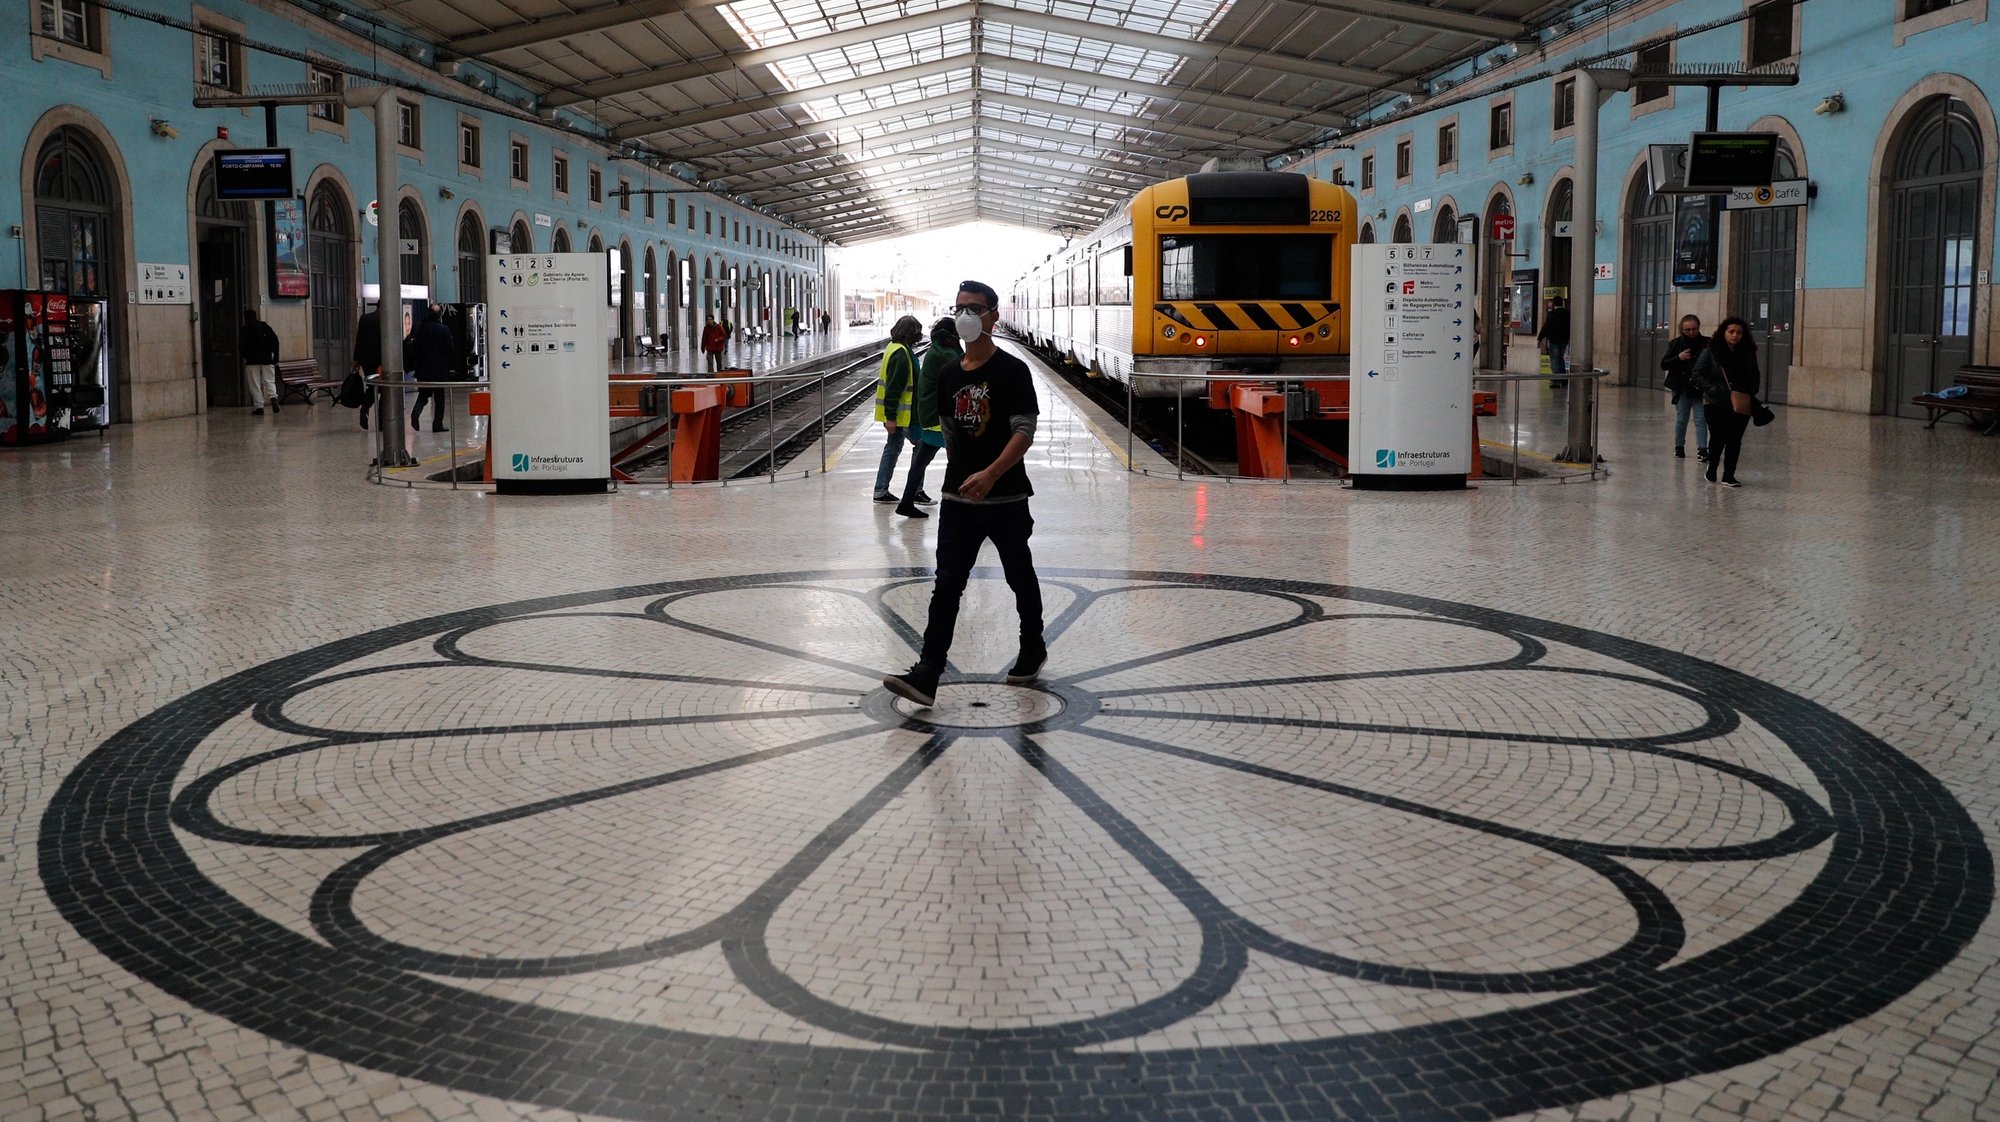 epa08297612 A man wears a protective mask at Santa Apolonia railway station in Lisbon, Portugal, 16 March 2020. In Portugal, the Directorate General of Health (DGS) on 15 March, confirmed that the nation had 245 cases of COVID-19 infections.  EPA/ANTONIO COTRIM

---

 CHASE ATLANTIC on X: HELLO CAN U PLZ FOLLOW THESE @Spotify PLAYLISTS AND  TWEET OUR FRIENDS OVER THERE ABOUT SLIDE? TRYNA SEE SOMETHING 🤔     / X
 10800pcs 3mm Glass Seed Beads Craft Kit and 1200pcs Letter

TASK TO CARRY OUT
After locating the line with "CHASE ATLANTIC on" above, return that line and every later line through the one with "10800pcs 3mm Glass", word for word and with nothing else.

ANSWER
 CHASE ATLANTIC on X: HELLO CAN U PLZ FOLLOW THESE @Spotify PLAYLISTS AND  TWEET OUR FRIENDS OVER THERE ABOUT SLIDE? TRYNA SEE SOMETHING 🤔     / X
 10800pcs 3mm Glass Seed Beads Craft Kit and 1200pcs Letter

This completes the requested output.